| Work instructions |
Copy out the listing below exactly, please, and skip any pictures.

| Supplied information |
BEGIN

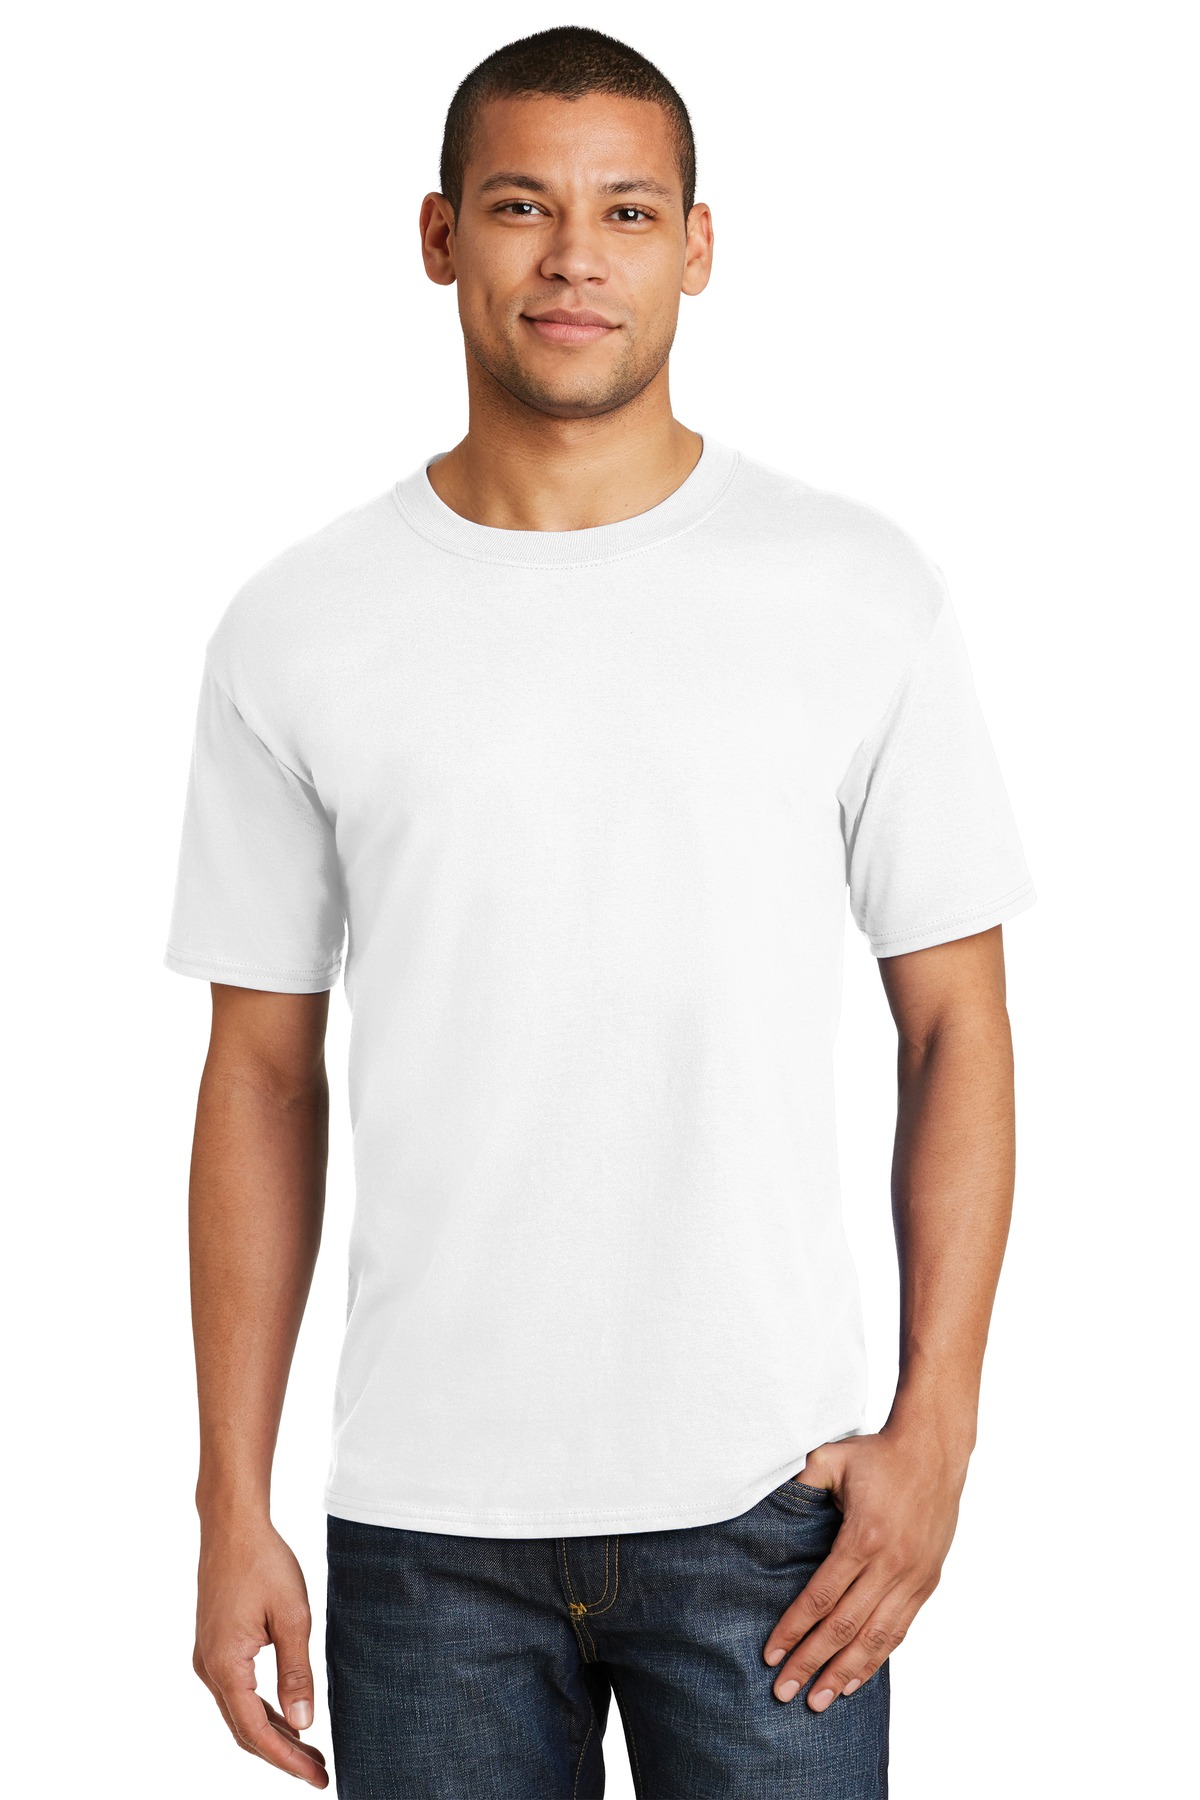 Hanes T-Shirts for Corporate Hospitality ® Beefy-T® - 100% Cotton T-Shirt.-Hanes
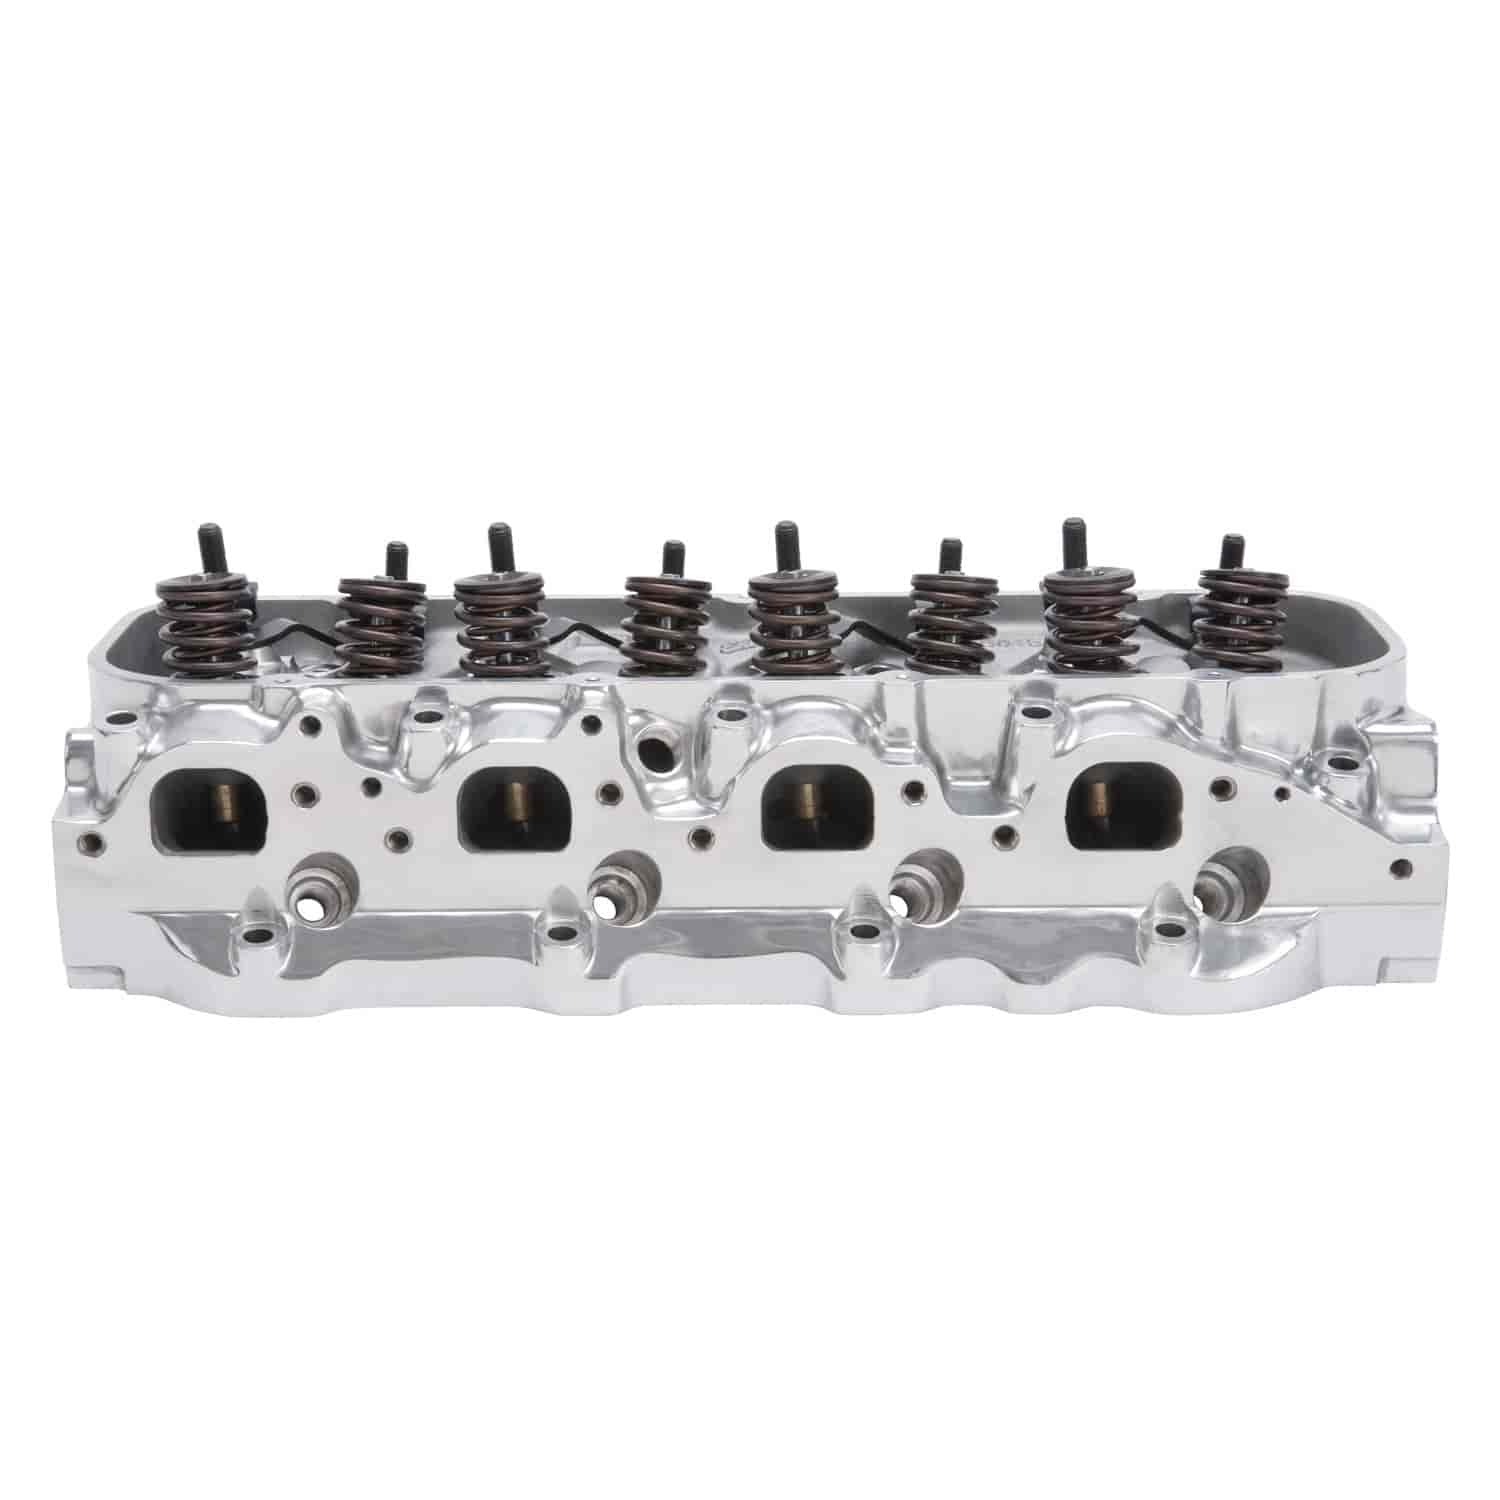 Performer High-Compression 454-O Oval Port Cylinder Head for Big Block Chevy
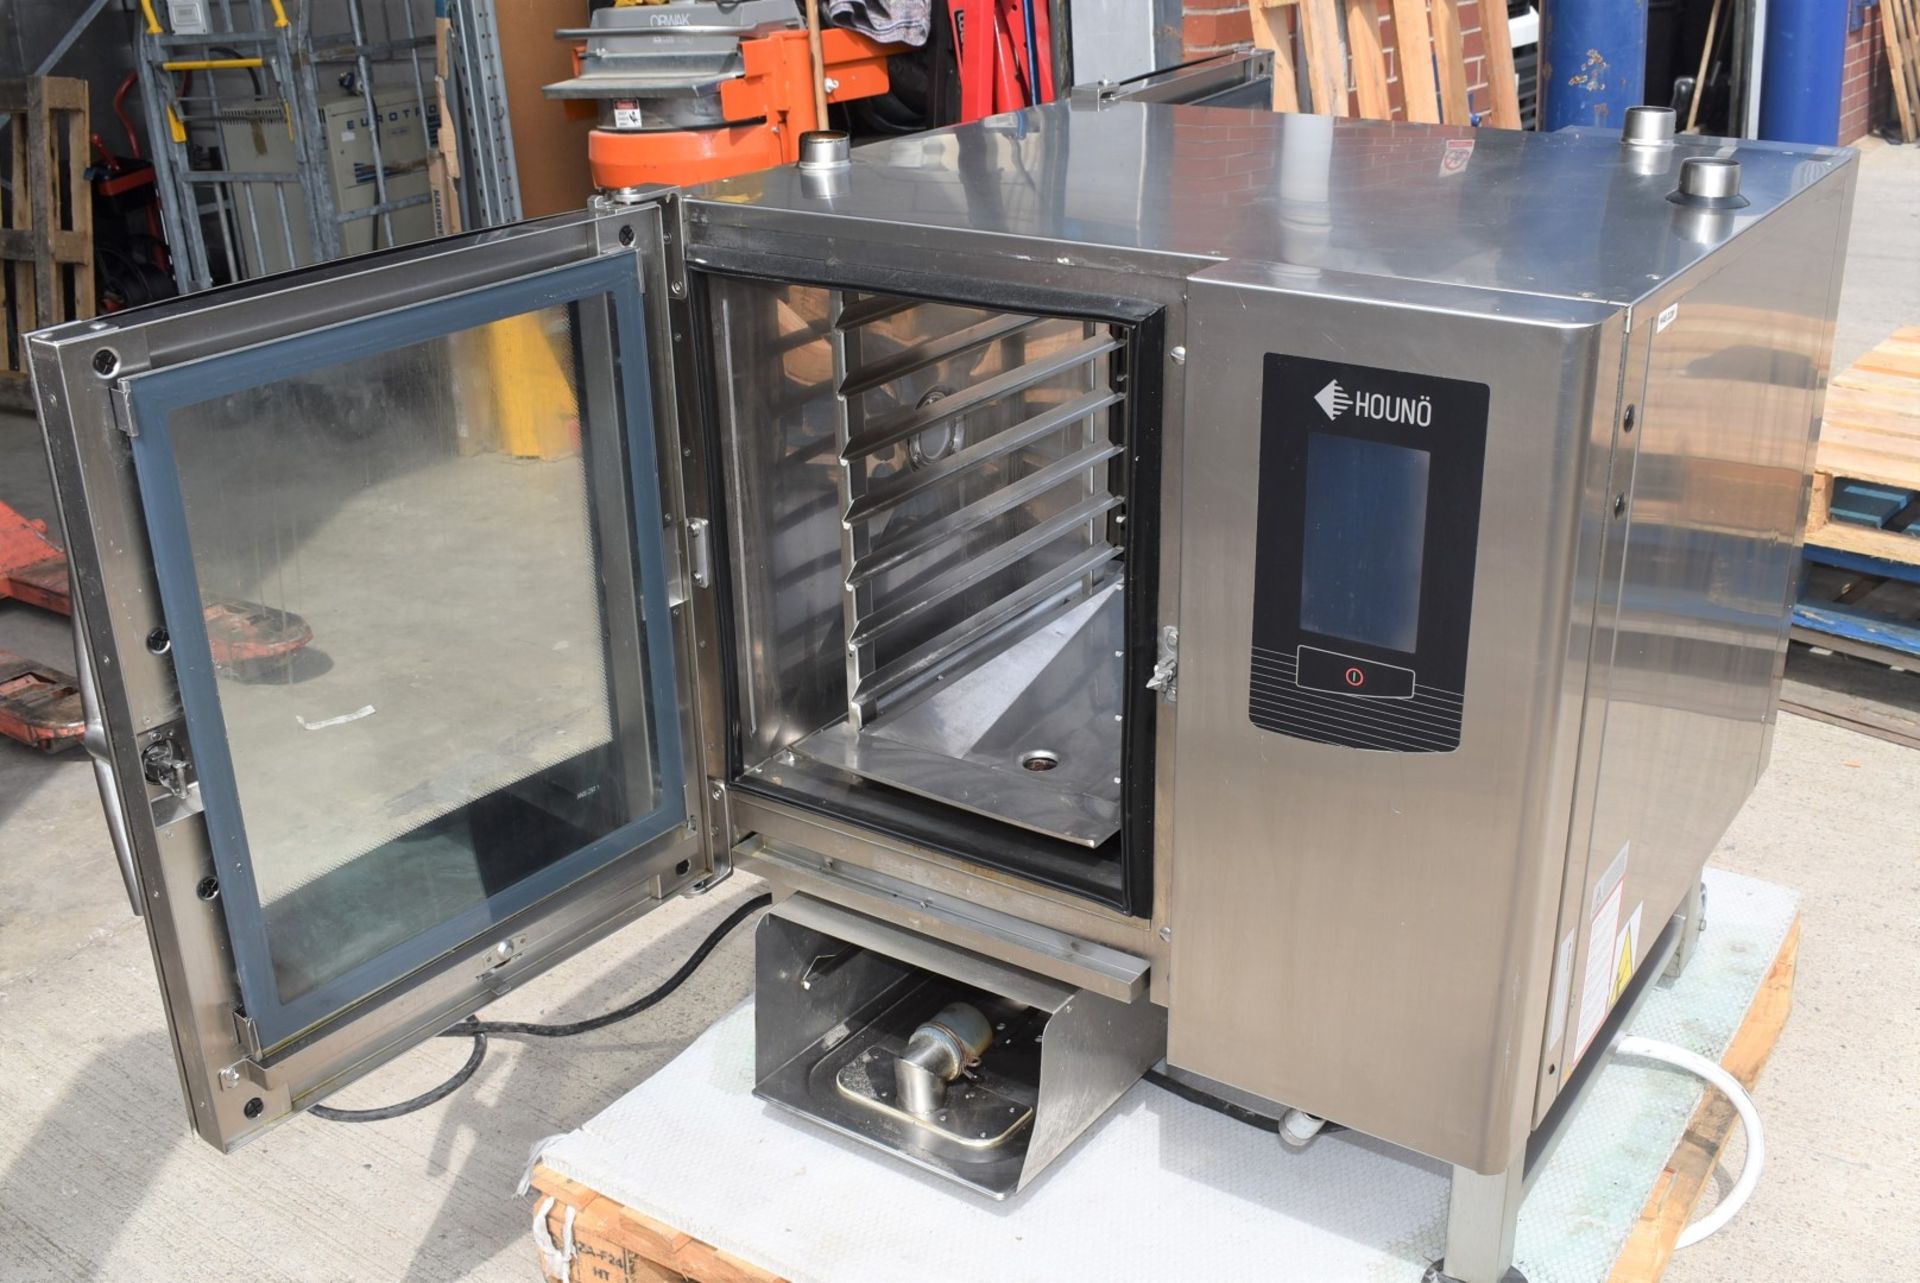 1 x Houno 6 Grid Electric Passthrough Door Combi Oven - 3 Phase With Pre-Set Cooking Options - Image 4 of 17

END

| Reply |
 Hanes T-Shirts for Corporate Hospitality ® Beefy-T® - 100% Cotton T-Shirt.-Hanes
 Performer High-Compression 454-O Oval Port Cylinder Head for Big Block Chevy
 1 x Houno 6 Grid Electric Passthrough Door Combi Oven - 3 Phase With Pre-Set Cooking Options - Image 4 of 17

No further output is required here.